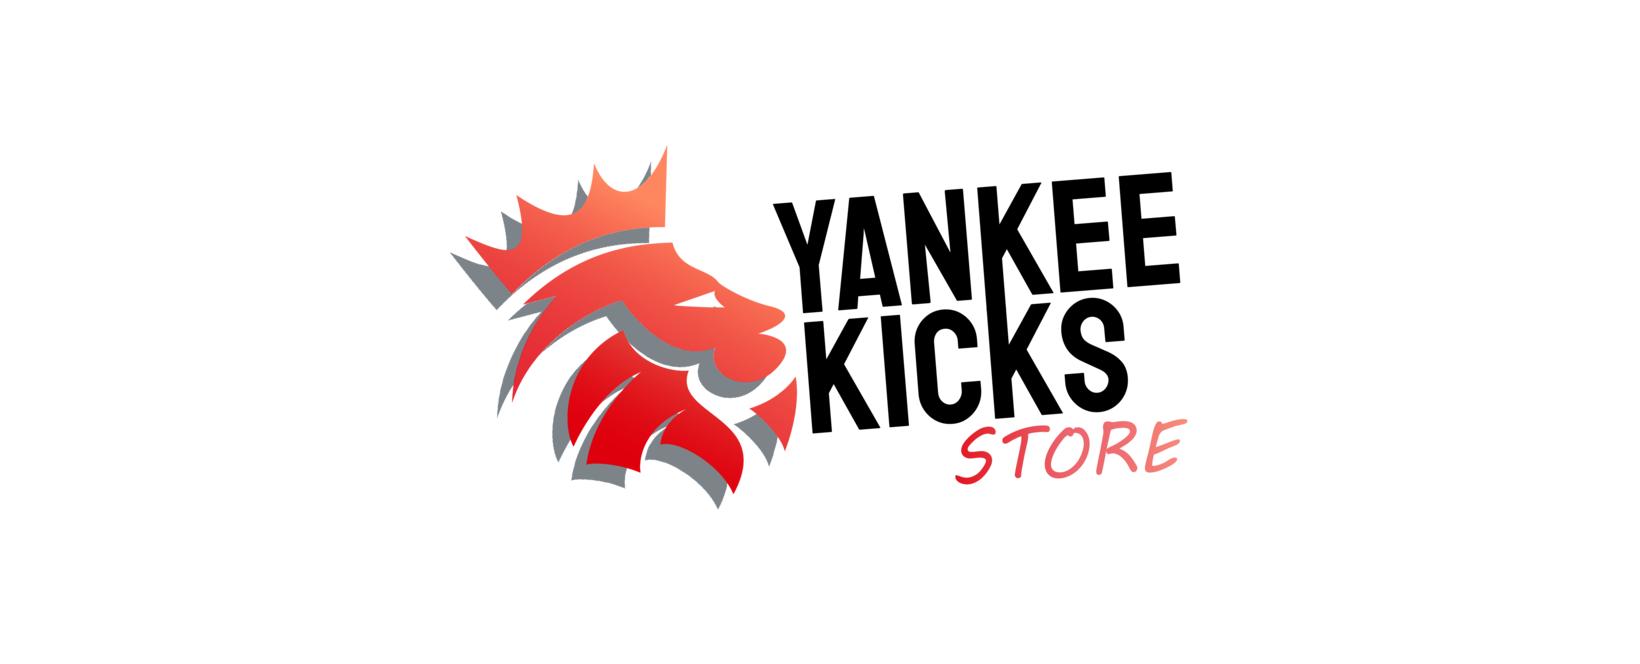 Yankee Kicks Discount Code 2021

---

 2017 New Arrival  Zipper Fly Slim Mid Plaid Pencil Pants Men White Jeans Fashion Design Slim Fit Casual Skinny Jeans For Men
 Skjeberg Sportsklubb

AIM OF THE TASK
Beginning at the line with "2017 New Arrival" and stopping after the line with "Skjeberg Sportsklubb", please write out every line of the data above exactly and nothing else.

ANSWER TO THE EXERCISE
 2017 New Arrival  Zipper Fly Slim Mid Plaid Pencil Pants Men White Jeans Fashion Design Slim Fit Casual Skinny Jeans For Men
 Skjeberg Sportsklubb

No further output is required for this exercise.